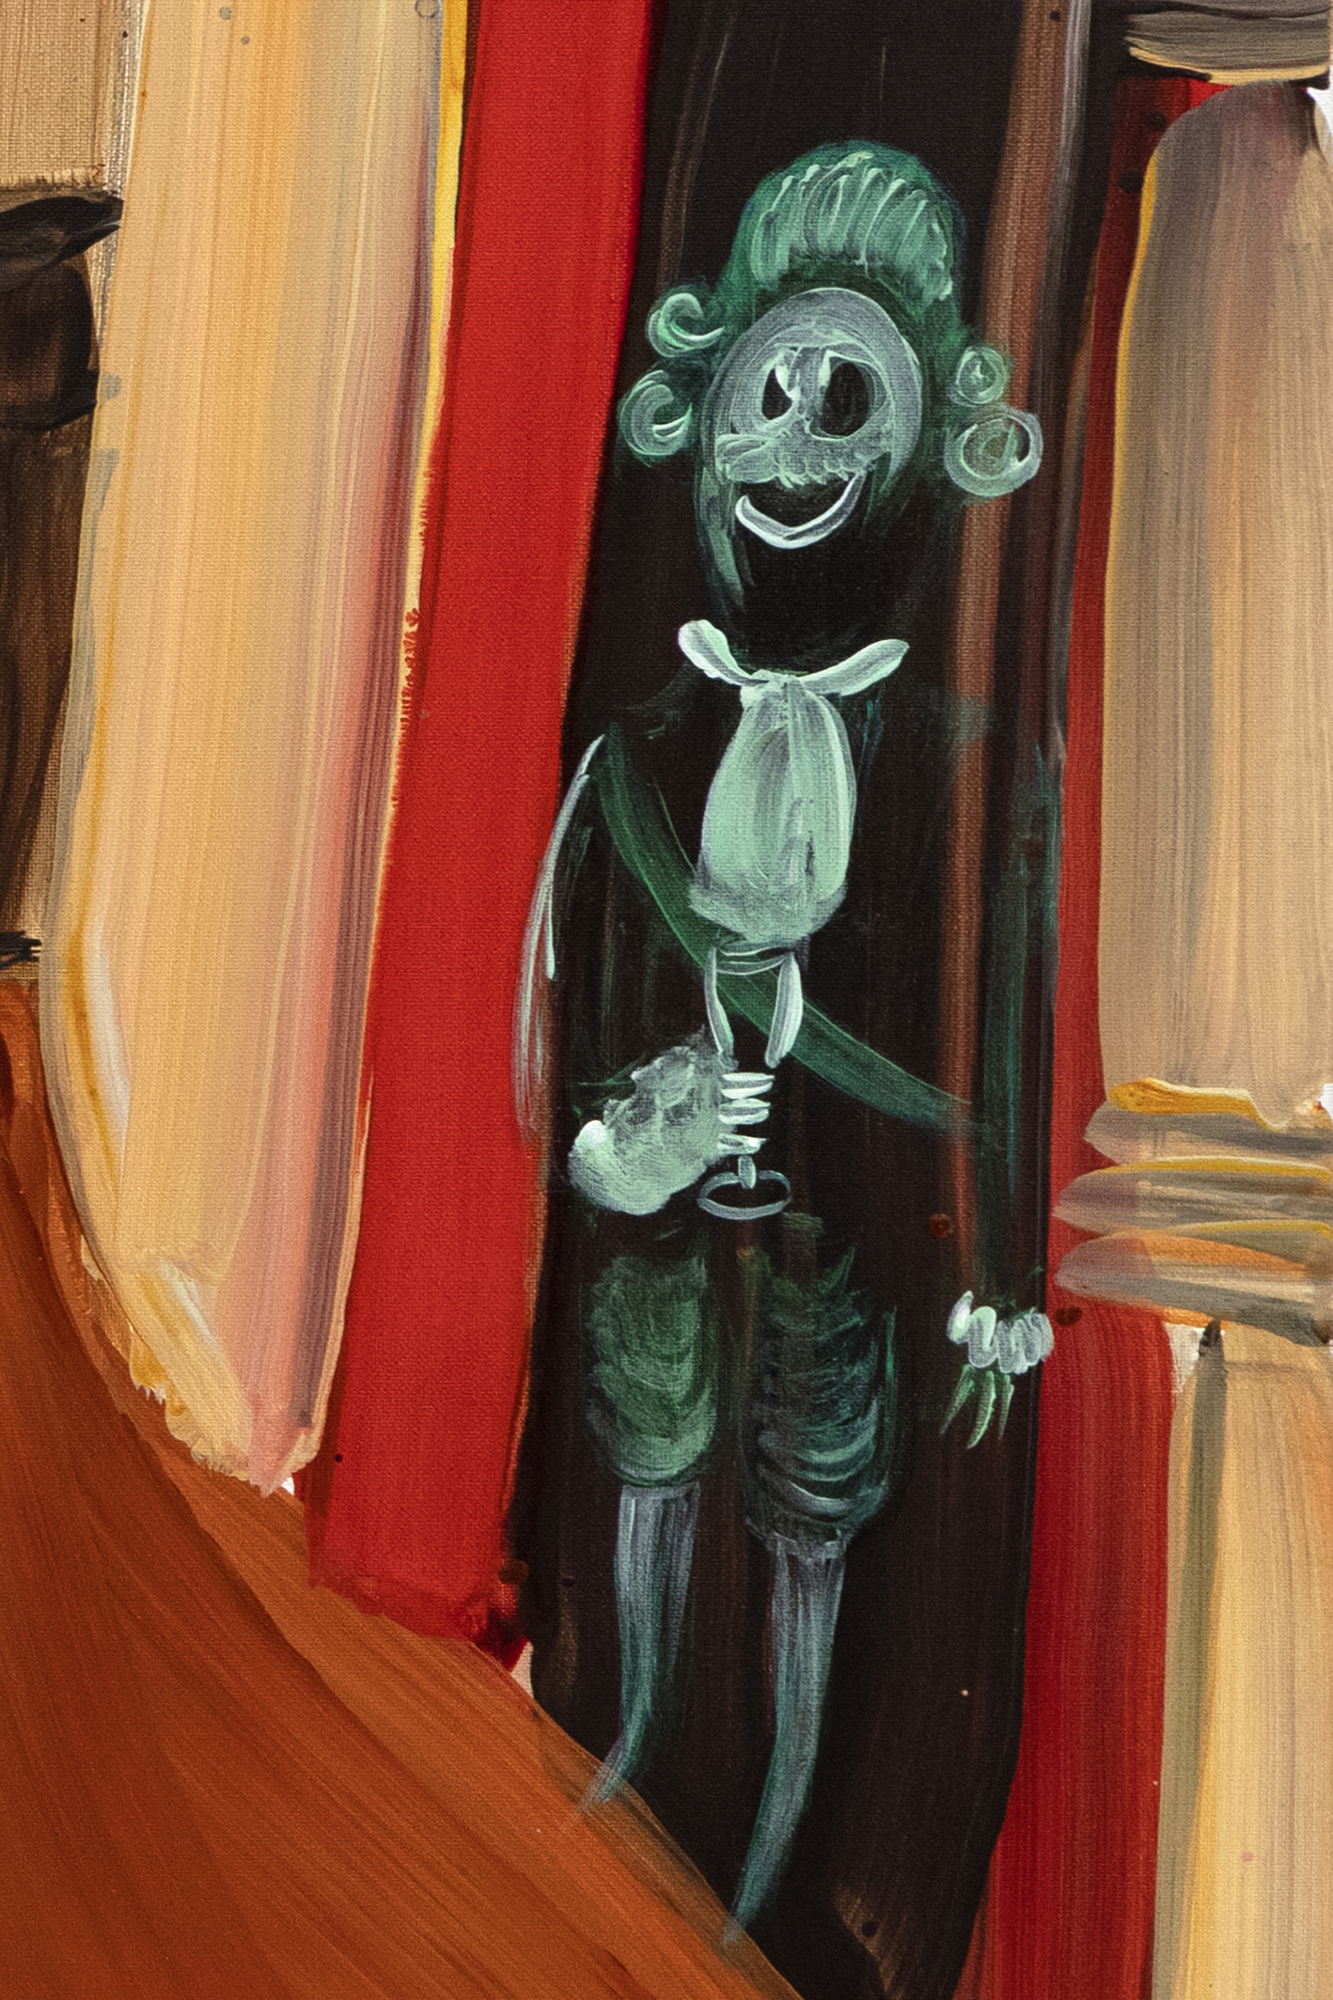 Genieve Figgis ist eine bemerkenswerte Figur in der zeitgenössischen irischen Kunstszene. Sie ist bekannt für ihre klugen und kritischen Gruppenporträts, die sich oft über längst vergangene gesellschaftliche Konventionen lustig machen. Als relative Späteinsteigerin in die Malerei erregte sie über Twitter die Aufmerksamkeit des amerikanischen Appropriation-Künstlers Richard Prince, der daraufhin eines ihrer Werke erwarb und sie in die einflussreichen Kreise der New Yorker Kunstszene einführte. Figgis&#039; Werk kritisiert spielerisch die Konsumgewohnheiten der wohlhabenden Mittelschicht und den luxuriösen Lebensstil, wie er von Künstlern der Vergangenheit verewigt wurde, und holt diese Themen mit einer Mischung aus Satire und rohen, authentischen Darstellungen des Lebens in die Gegenwart. Figgis schlägt eine Brücke zu Daumier oder Hogarth, deren Werke häufig einen satirischen Blick auf die zeitgenössische Gesellschaft werfen, und schließt sich Künstlern an, die sich der Gesellschaftssatire verschrieben haben und für ihre scharfe Beobachtungsgabe bekannt sind.
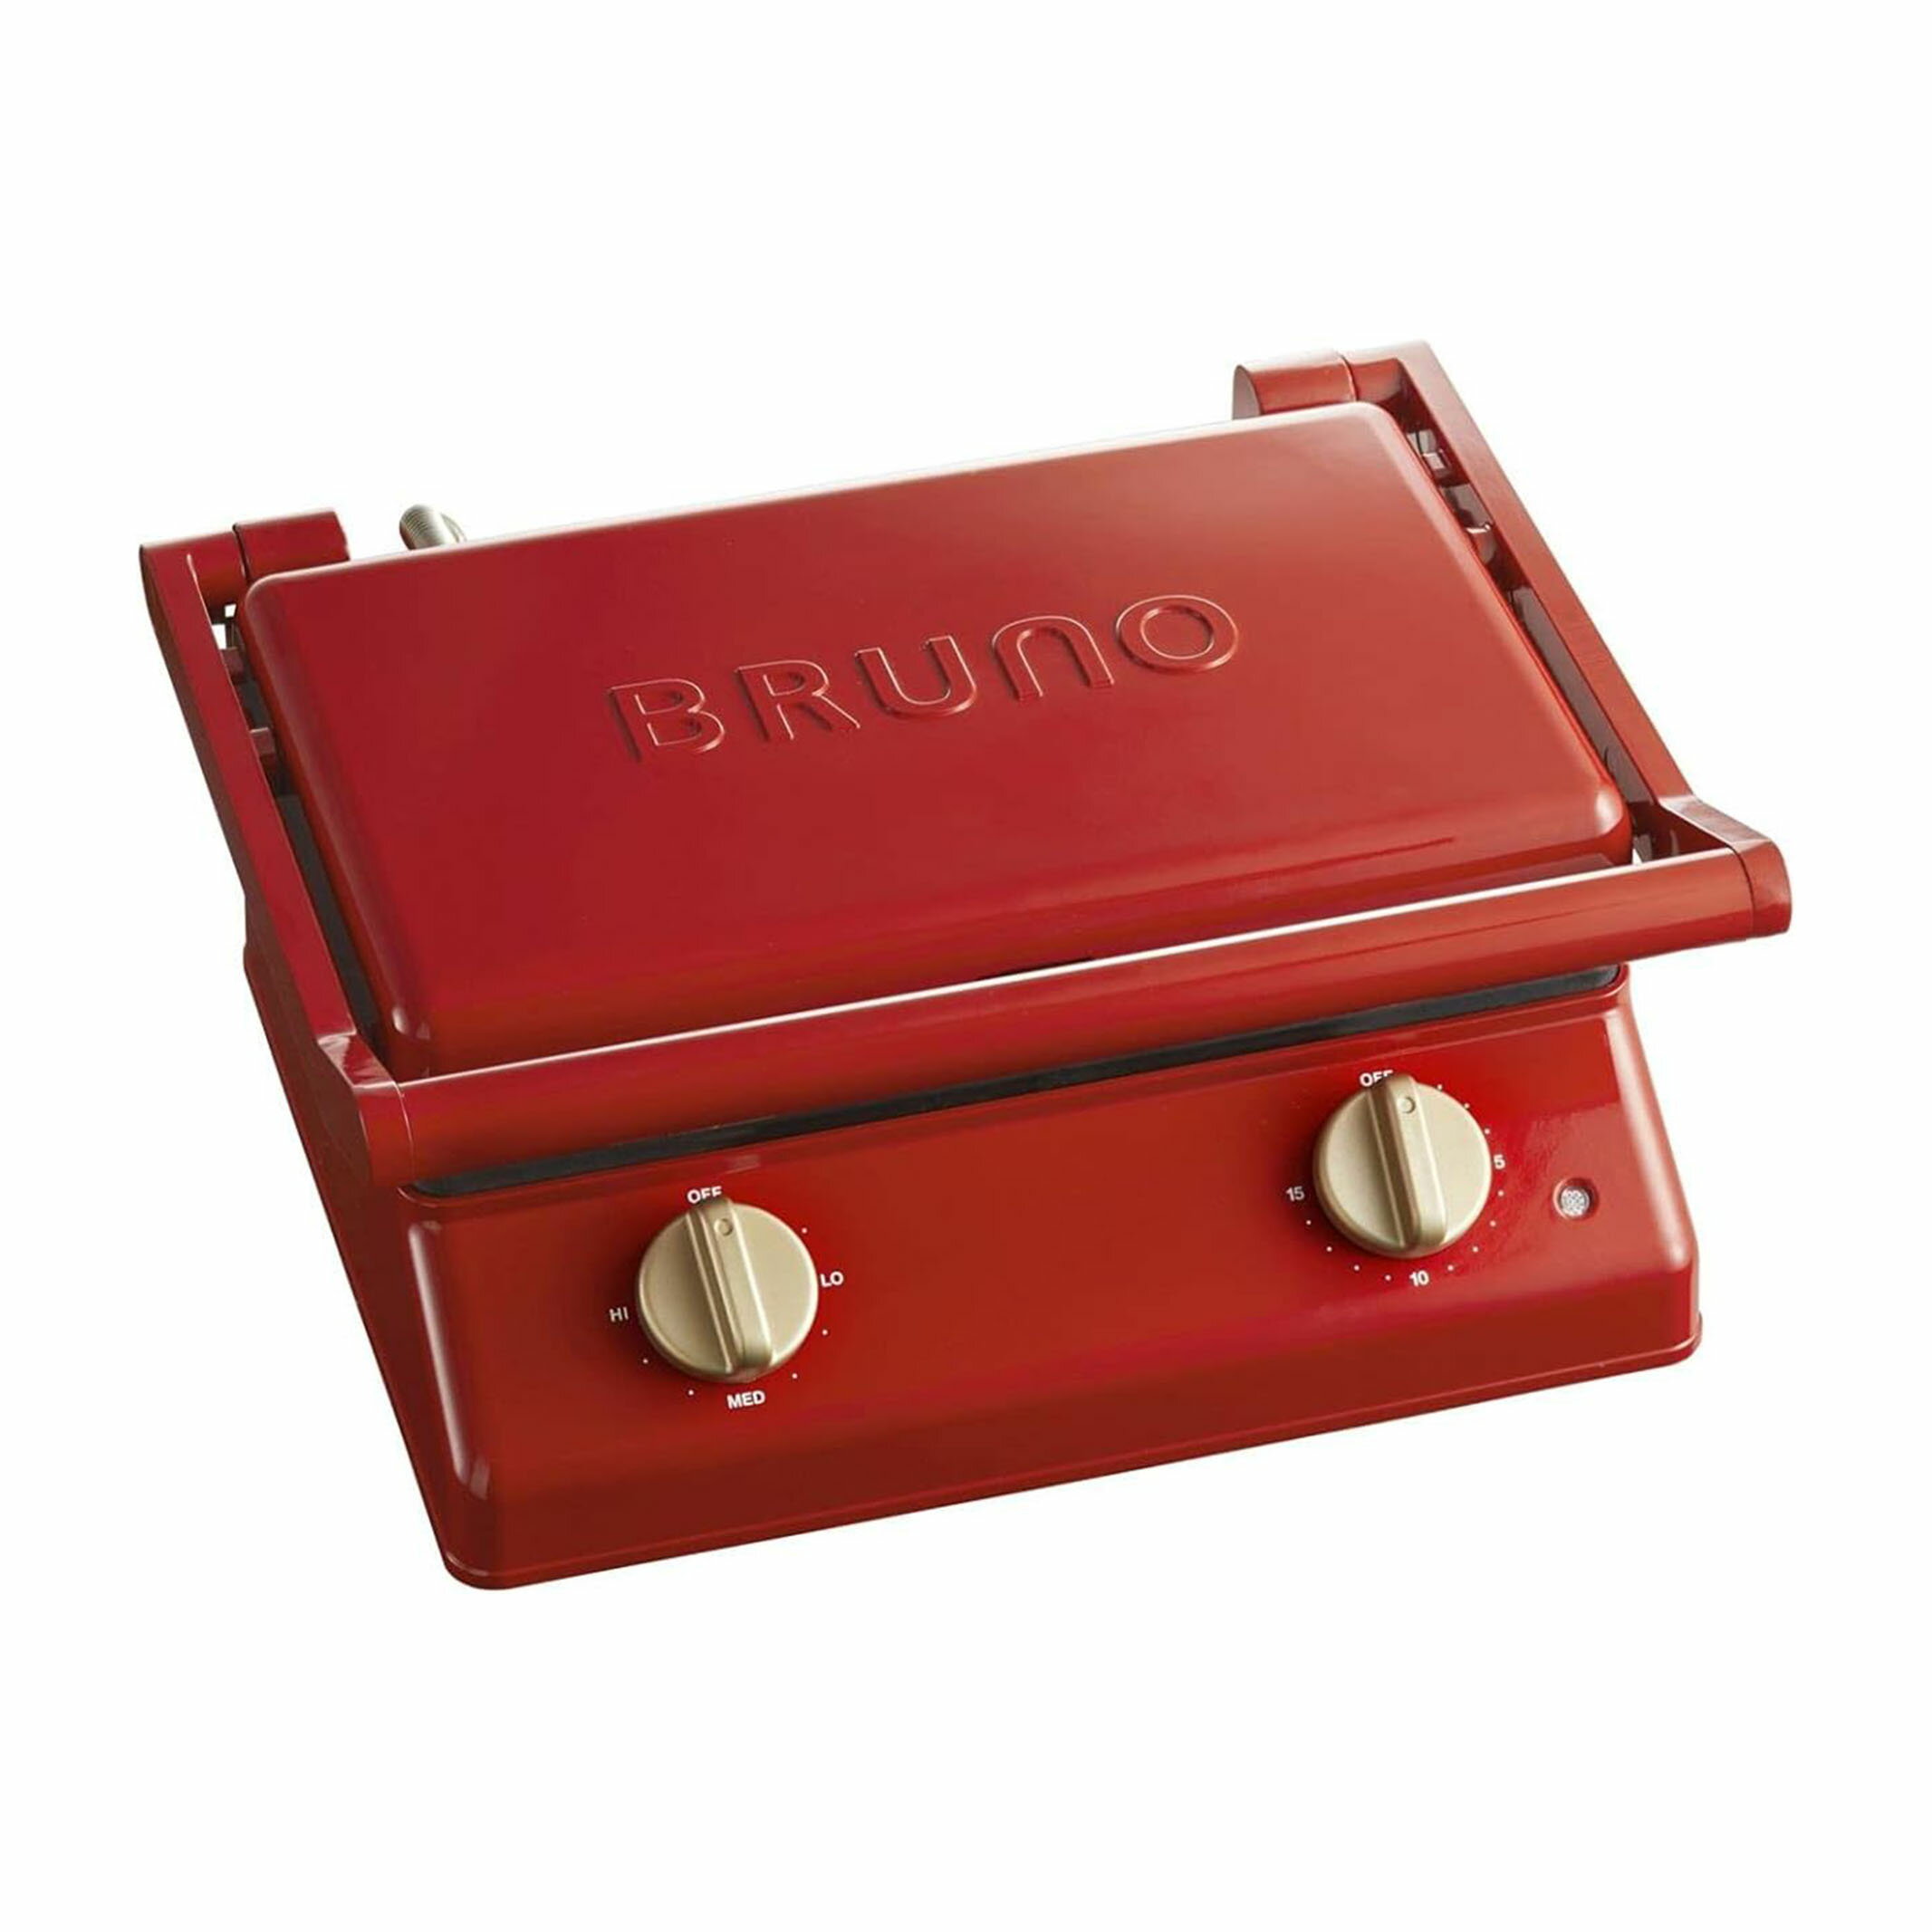 BRUNO ブルーノ グリルサンドメーカー ダブル レッド BOE084-RD
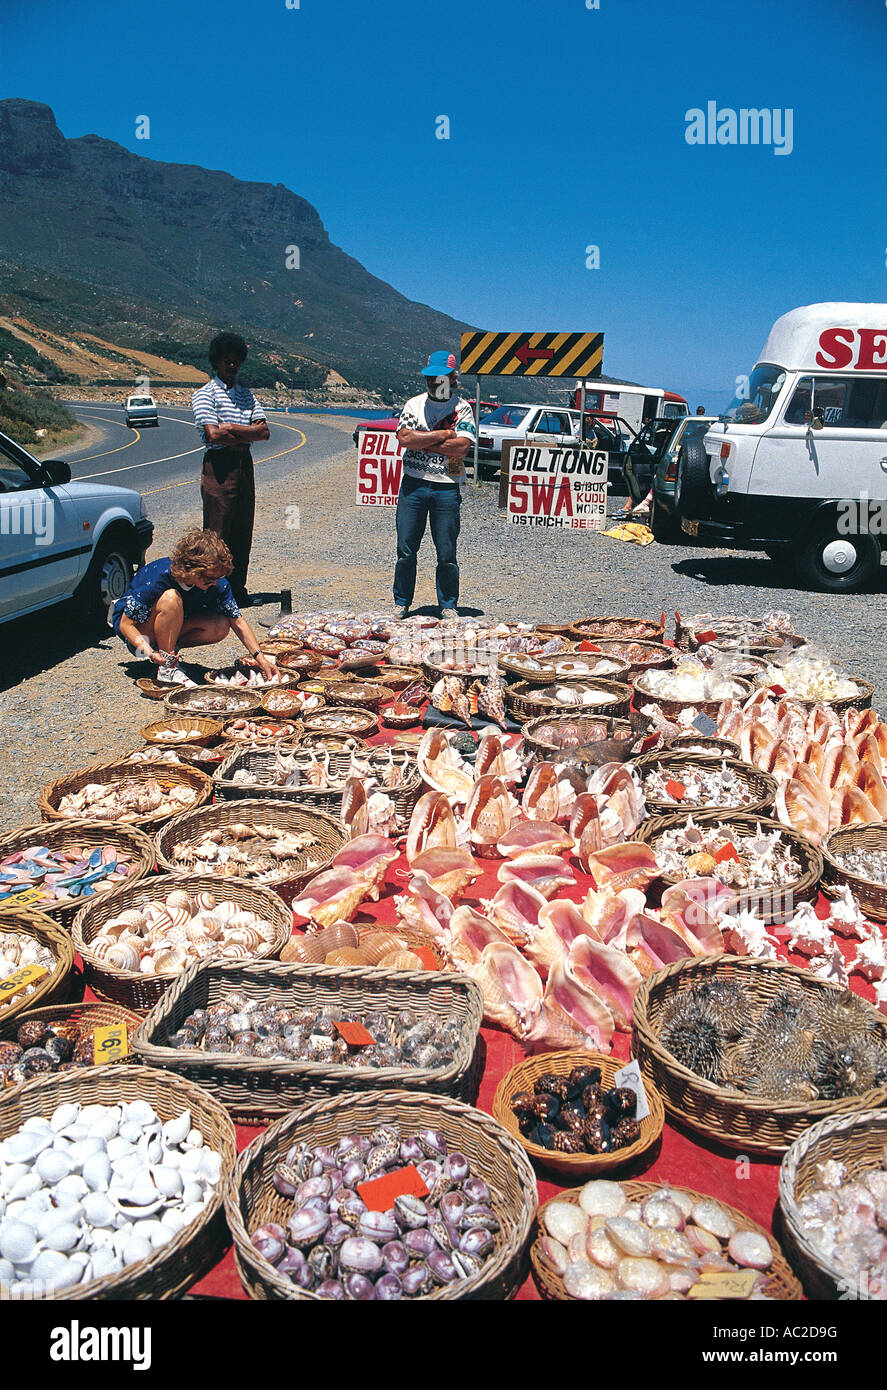 Colporteurs vendant des coquillages de viande séchée et d'autres souvenirs sur Péninsule du Cap Cape Town Afrique du Sud Banque D'Images
---------------
| Action item |
Please write the material out again exactly as shown above, minus any pictures.

| Written answer |
 Genieve Figgis ist eine bemerkenswerte Figur in der zeitgenössischen irischen Kunstszene. Sie ist bekannt für ihre klugen und kritischen Gruppenporträts, die sich oft über längst vergangene gesellschaftliche Konventionen lustig machen. Als relative Späteinsteigerin in die Malerei erregte sie über Twitter die Aufmerksamkeit des amerikanischen Appropriation-Künstlers Richard Prince, der daraufhin eines ihrer Werke erwarb und sie in die einflussreichen Kreise der New Yorker Kunstszene einführte. Figgis&#039; Werk kritisiert spielerisch die Konsumgewohnheiten der wohlhabenden Mittelschicht und den luxuriösen Lebensstil, wie er von Künstlern der Vergangenheit verewigt wurde, und holt diese Themen mit einer Mischung aus Satire und rohen, authentischen Darstellungen des Lebens in die Gegenwart. Figgis schlägt eine Brücke zu Daumier oder Hogarth, deren Werke häufig einen satirischen Blick auf die zeitgenössische Gesellschaft werfen, und schließt sich Künstlern an, die sich der Gesellschaftssatire verschrieben haben und für ihre scharfe Beobachtungsgabe bekannt sind.
 BRUNO ブルーノ グリルサンドメーカー ダブル レッド BOE084-RD
 Colporteurs vendant des coquillages de viande séchée et d'autres souvenirs sur Péninsule du Cap Cape Town Afrique du Sud Banque D'Images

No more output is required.